The demon of his superhuman misanthropy had now fully possessed him, and not even the tones of a voice as sweet as the strings of David’s harp, had power to expel the evil one. So he went on flinging about his firebrands and arrows, and then saying, “Am I not in sport? These people,” said he, “have made unto themselves kings, that is, beings whom they voluntarily invest with the privilege of draining, by taxation, whatever wealth their vices have left to the rich, and whatever means of subsistence their want has left to the poor, till their extortion is cursed from the castle to the cottage⁠—and this to support a few pampered favourites, who are harnessed by silken reins to the car, which they drag over the prostrate bodies of the multitude.
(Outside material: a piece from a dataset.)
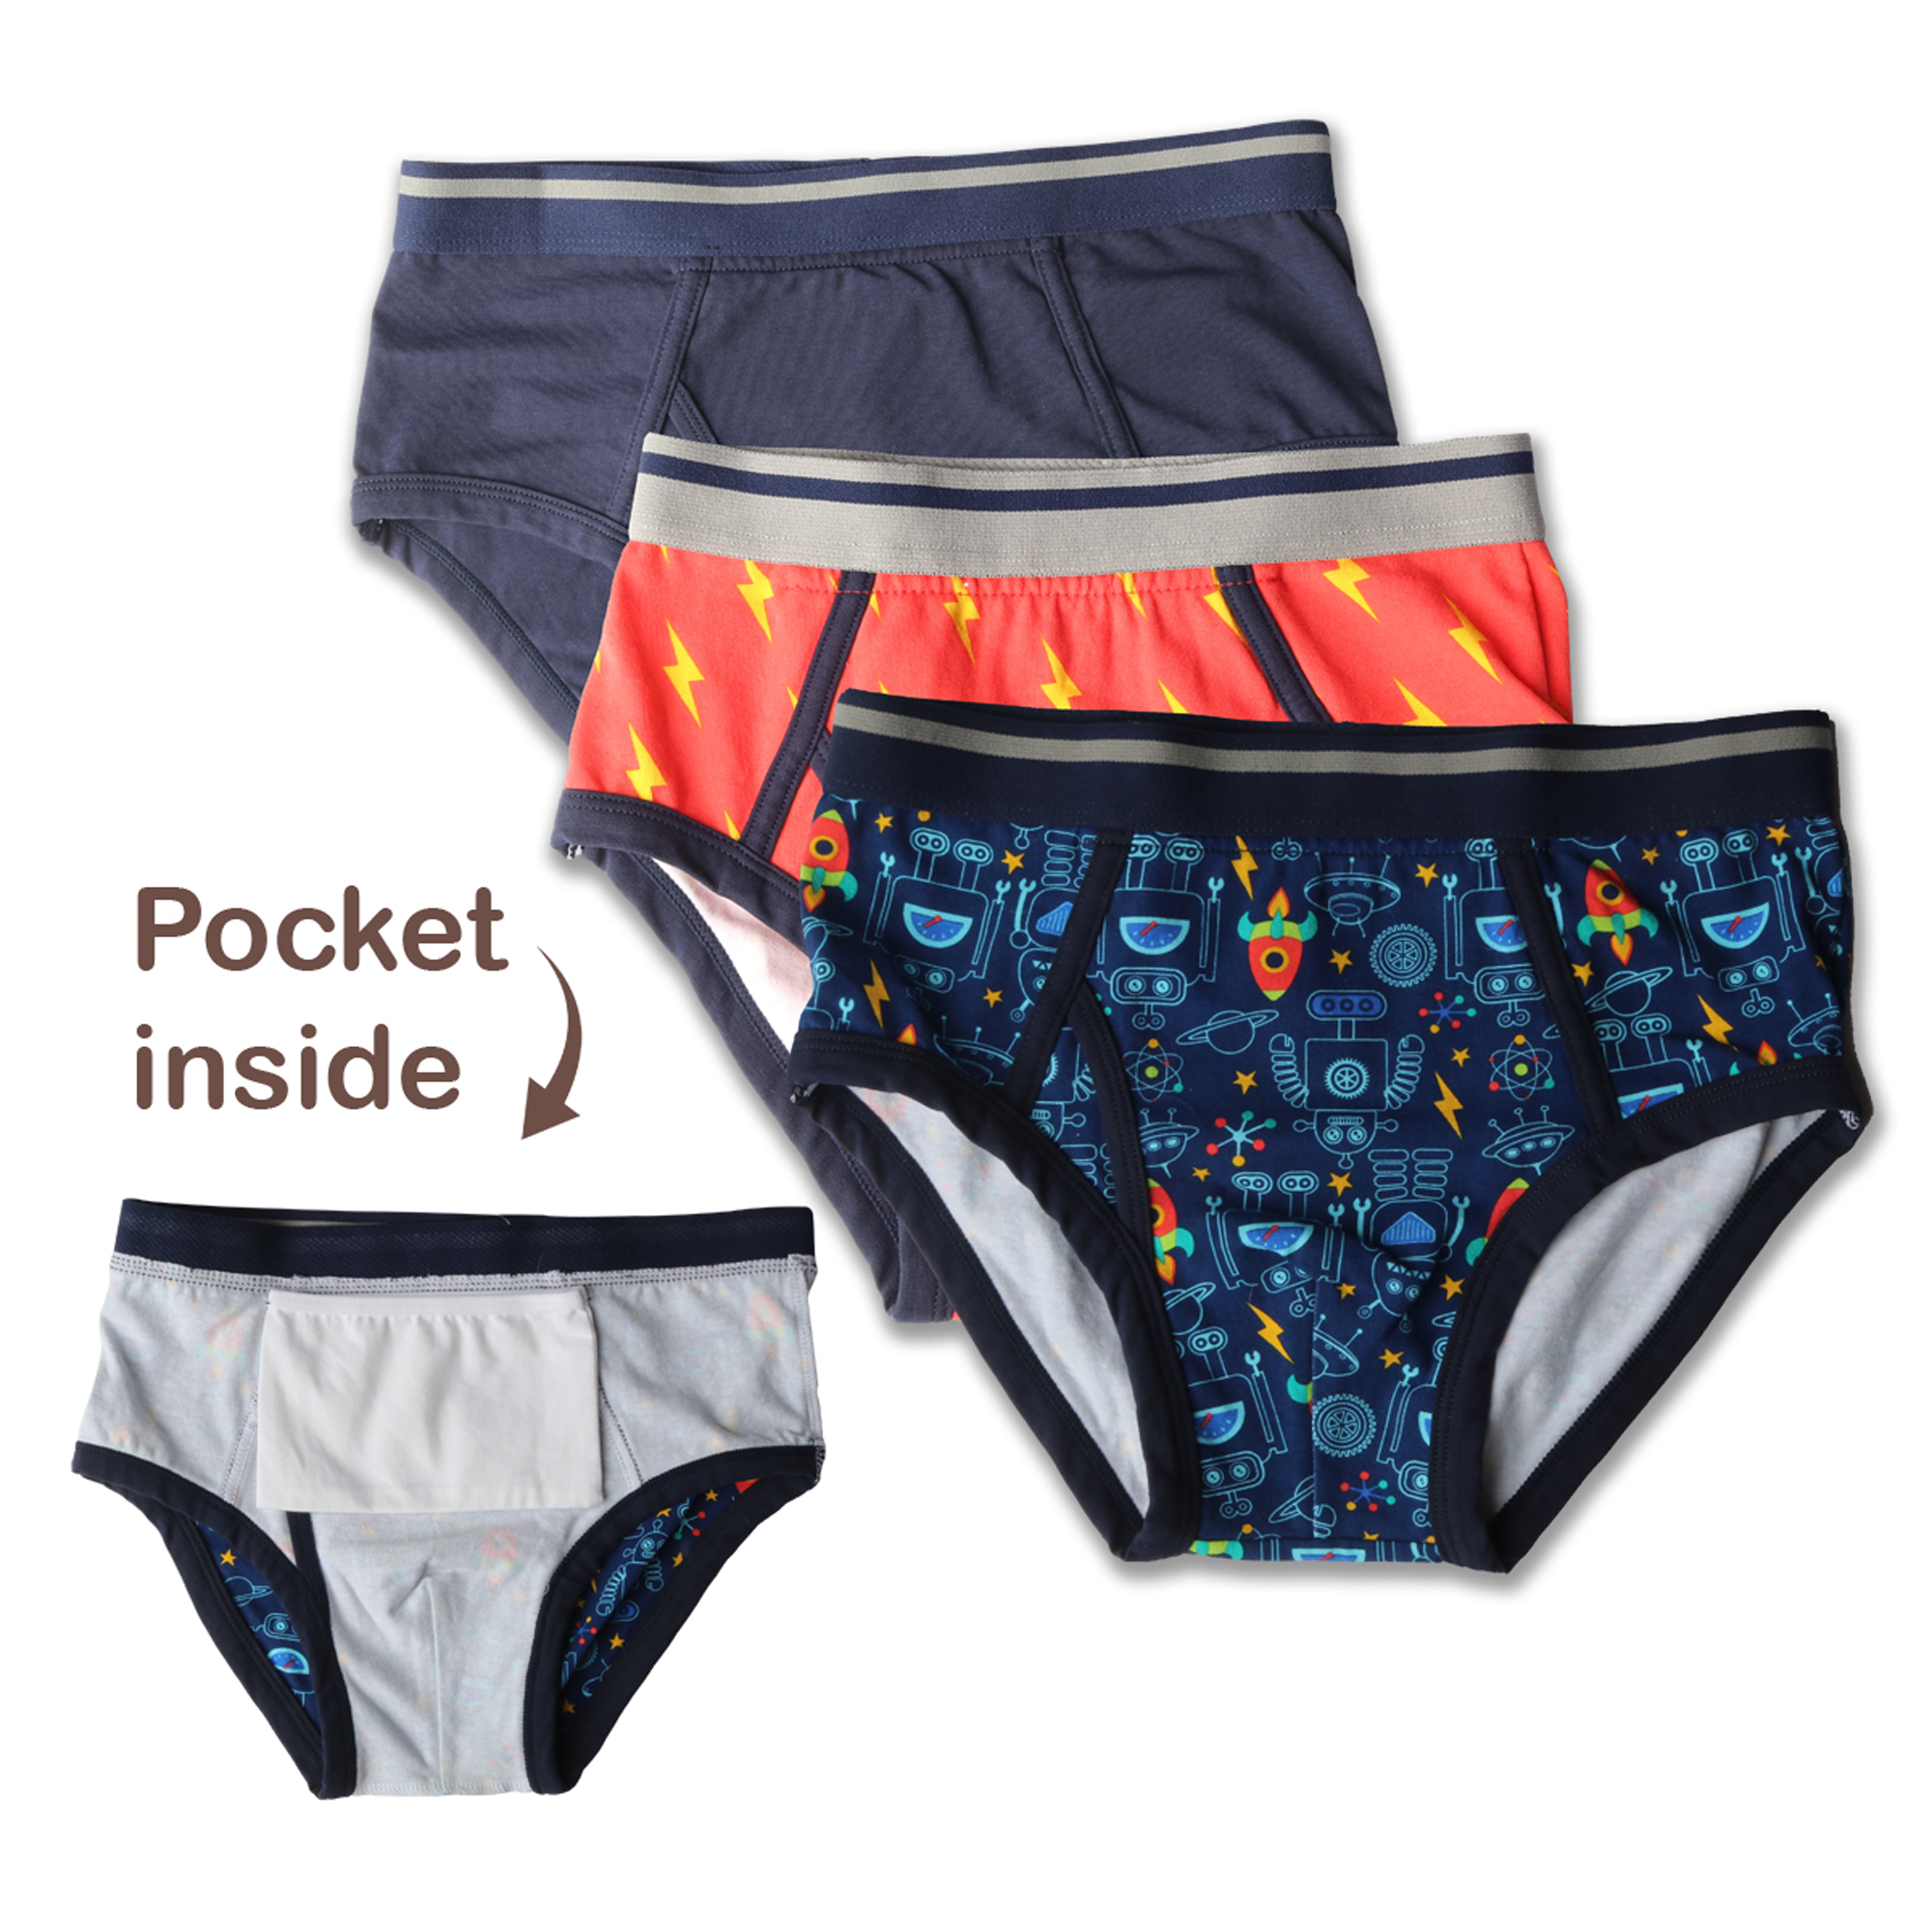 My Private Pocket Underwear for Boys - Variety 3 Pack - National

Sometimes exhausted by the monotony of perpetual fruition, which has no parallel even in the monotony of suffering (for the latter has at least the excitement of hope, which is forever denied to the former), they amuse themselves by making war, that is, collecting the greatest number of human beings that can be bribed to the task, to cut the throats of a less, equal, or greater number of beings, bribed in the same manner for the same purpose. These creatures have not the least cause of enmity to each other⁠—they do not know, they never beheld each other. Perhaps they might, under other circumstances, wish each other well, as far as human malignity would suffer them; but from the moment they are hired for legalized massacre, hatred is their duty, and murder their delight. The man who would feel reluctance to destroy the reptile that crawls in his path, will equip himself with metals fabricated for the purpose of destruction, and smile to see it stained with the blood of a being, whose existence and happiness he would have sacrificed his own to promote, under other circumstances. So strong is this habit of aggravating misery under artificial circumstances, that it has been known, when in a sea-fight a vessel has blown up (here a long explanation was owed to Immalee, which may be spared the reader), the people of that world have plunged into the water to save, at the risk of their own lives, the lives of those with whom they were grappling amid fire and blood a moment before, and whom, though they would sacrifice to their passions, their pride refused to sacrifice to the elements.”42

“Oh that is beautiful!⁠—that is glorious!” said Immalee, clasping her white hands; “I could bear all you describe to see that sight!”